Re: [femm] complex inductance???

[dcm3c@xxxxxxx]

In a message dated 10/5/01 3:19:17 AM Eastern Daylight Time, erdal903@xxxxxxxxx writes:


> Thanks Mr. Meeker for the comprehensive explanation. Now I have the following question: We have two methods to calculate inductance:
> 1) using the integral of A.J over the current carrying coils:
> Results: integral of   A.J = [(8.31e-4) -(j7.99e-6)] Henry Amp^2
> current=225 Amper-Turn
> gives an inductance of L=[(3.69 e-6)- (j3.55 e-8)] Henry
> 2) using the integral of magnetic energy. 
> integral of magnetic field energy over the whole area (instead of current carrying components)=2.081 e-4 joule
> current=225 Amper-Turn
> gives an inductance of L=[1.849 e-6] Henry
>  
> Now ignoring the imaginary part of the first solution (so the eddy currents and the hysteresis losses) which one should be taken as the inductance? 3.69 mH  or 1.84 mH? Thanks in advance.

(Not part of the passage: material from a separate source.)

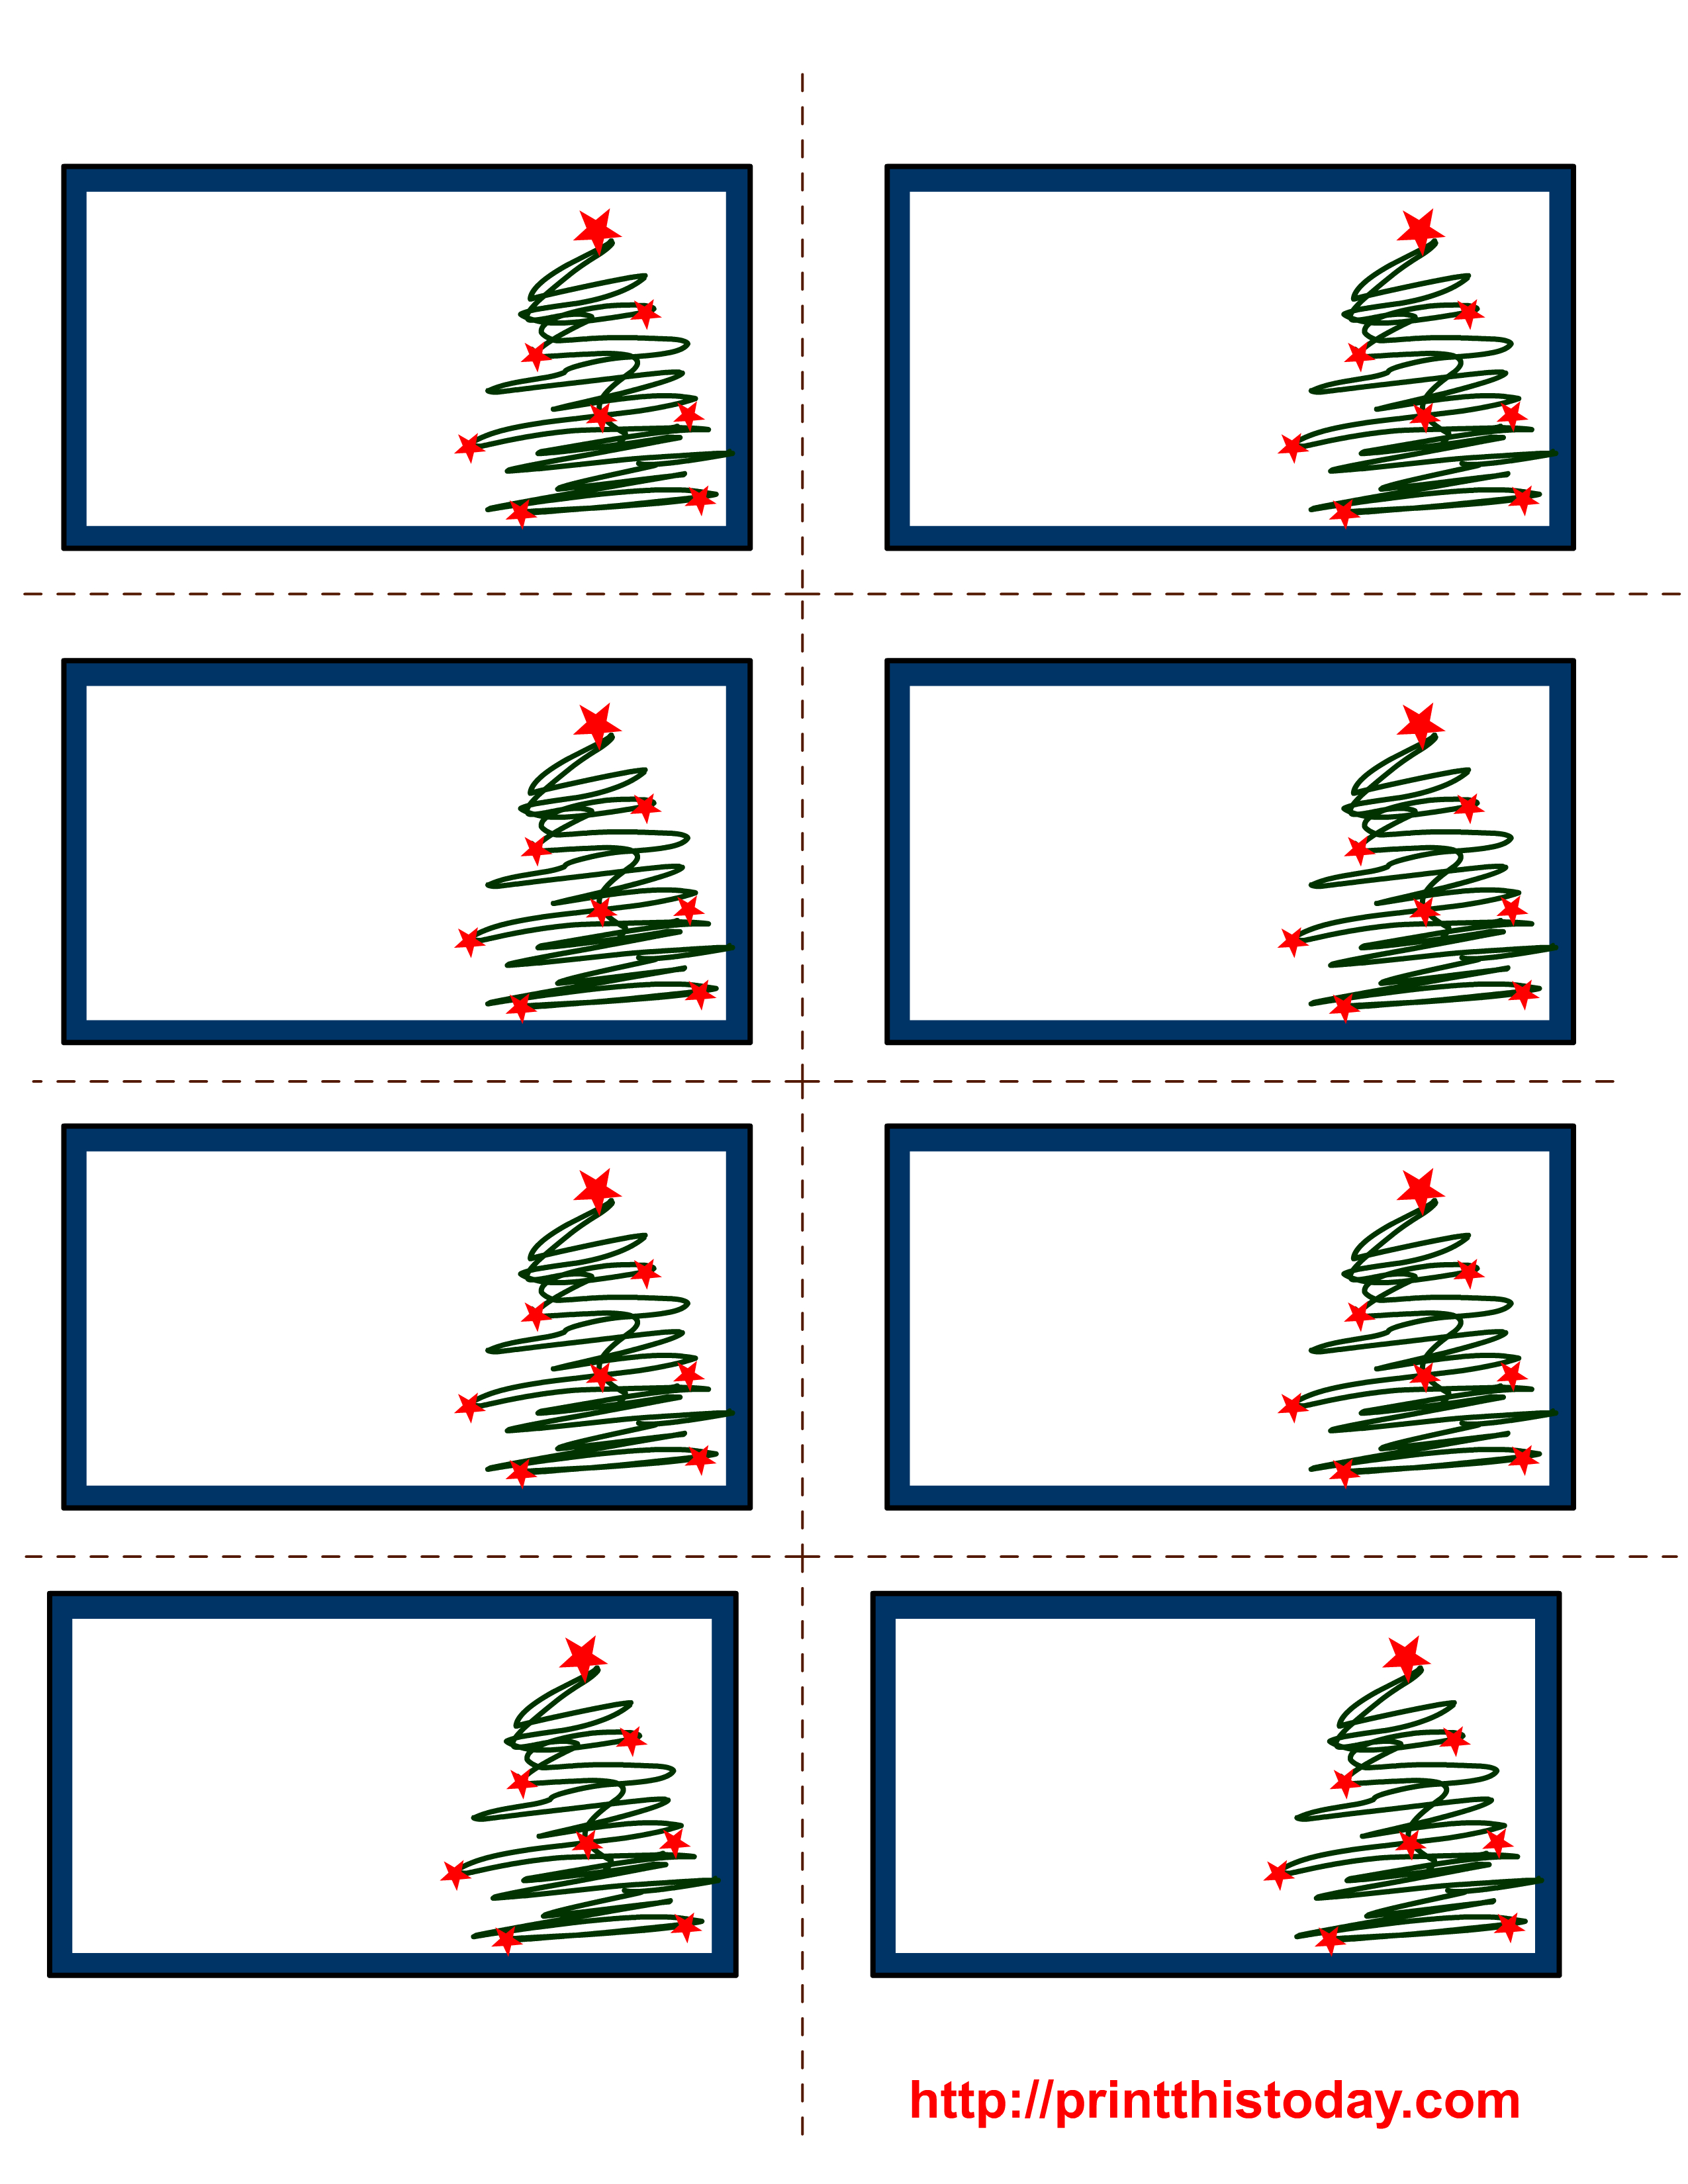 Free Labels Printable | Free Printable Christmas Labels With Trees - Free Printable Christmas Labels

The trick here is that you are evaluating inductance for a harmonic problem.  Now, if the current, i, is a DC current, the stored energy would be (1/2) L i^2.  However, for a harmonic problem, i is the amplitude of a sinusoidally varying current--the average stored energy over a cycle is (1/4) L i^2.  If you use the DC formula for inductance via energy for harmonic problems, you'll come out low by a factor of 2--this appears to be what's going on.  If I take your 1.84 uH value and multiply it by 2, I get 3.68 mH, which closely matches the real component that you got with the A.J integral (3.69 uH).

Dave.
--
David Meeker
http://members.aol.com/_ht_a/dcm3c